# How to dual boot FreeBSD and Linux for Newbies with BSD Boot Loader and no grub



## Spartrekus (Jul 4, 2019)

Hello,

How to dual boot FreeBSD and Linux for Newbies with BSD Boot Loader and no grub?

I destroyed the 500 GB with gpart. gpart destroy -F ada0.
I created with gpart the first partition of 250GB, and I copied the boot loader to get BTX loader.
I did add the two areas, and I formatted with newfs to prepare the disk for unpacking the FreeBSD base system.
So now I have ada0s1a and ada0s2a ready, with gpart, and I copied with the console on ada0s1a the kernel, base, ... files from /usr/freebsd-dist
I restart the machine. BTX Loader works, I fix the entropy bug by adding few libs into /lib to fix the bug of BSD.
I add ath0 and wpa wifi config to get wifi. I restart to check that all is working well at reboot.
Fine. Wifi works.
pkg works now. Ready to install. So, first gcc.
Now I install the machine with more packages. I installed icewm, my favourite, and xterm with xinit. I don't use slim or sddm. Just xinitrc is fine. Firefox for the web. Now all working, let's make a second partition to get KDE Linux running.

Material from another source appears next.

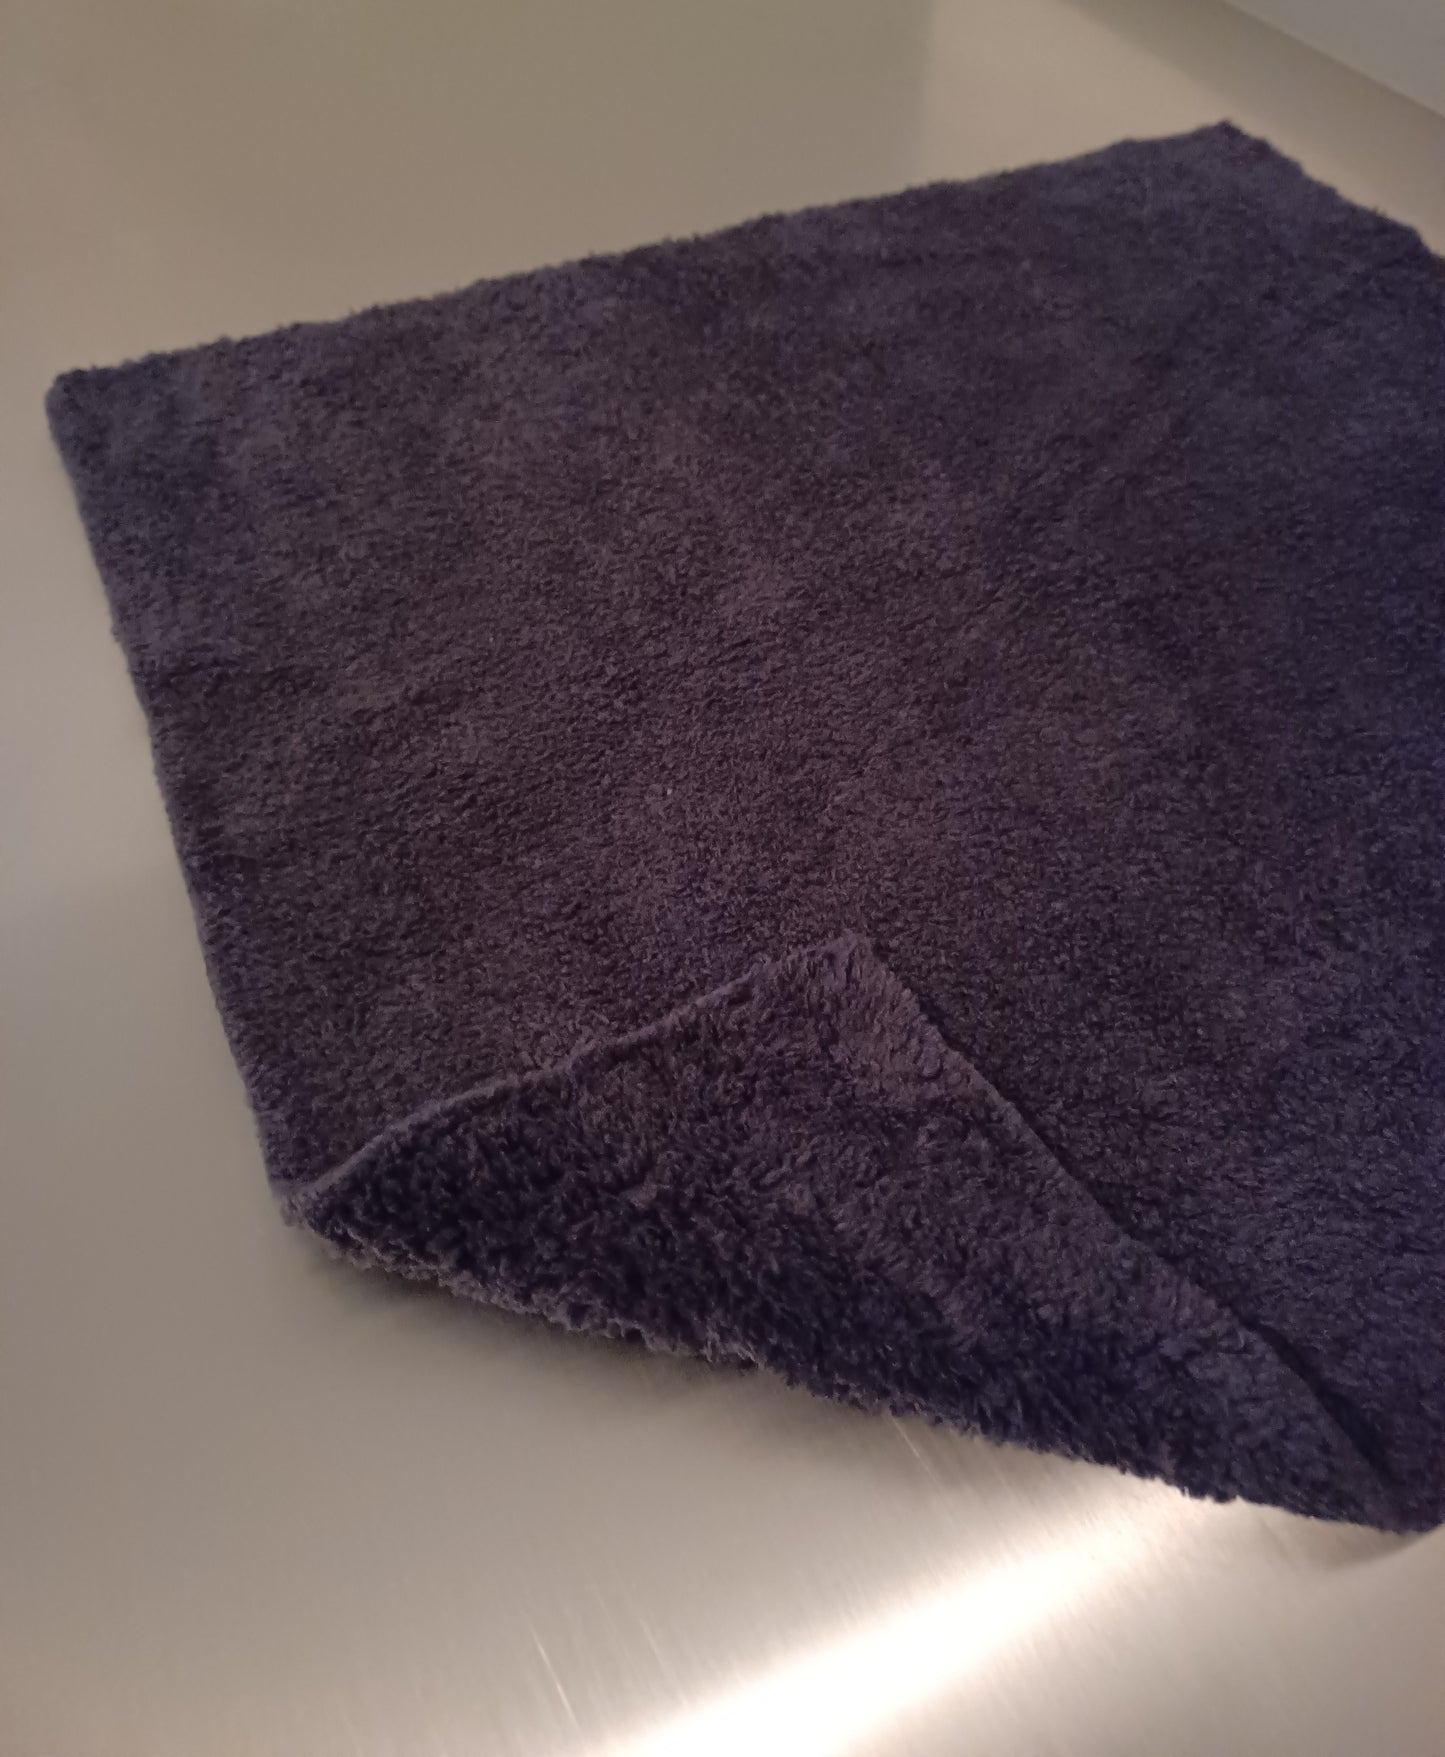 4 Piece 16x16 Premium Microfiber Towels

I have created a second partition with linux-data with gpart.

How now to bring Linux the dual boot?
I will debootstrap devuan on the linux-data / ada0s2 after once I can boot the vmlinuz and initrd using the BTX BSD loader,... how?

I wish to have something nicer or more UNIX freedom than Grub. So BTX like tweak would be welcome or other alternatives.

thank you and looking forward to hearing you.
Best regards,
SP

ref
https://www.freebsd.org/cgi/man.cgi?query=loader.conf&sektion=5
http://index-of.co.uk/SISTEMAS-OPERATIVOS/Handbook-FreeBSD-ingles-2014.pdf


----------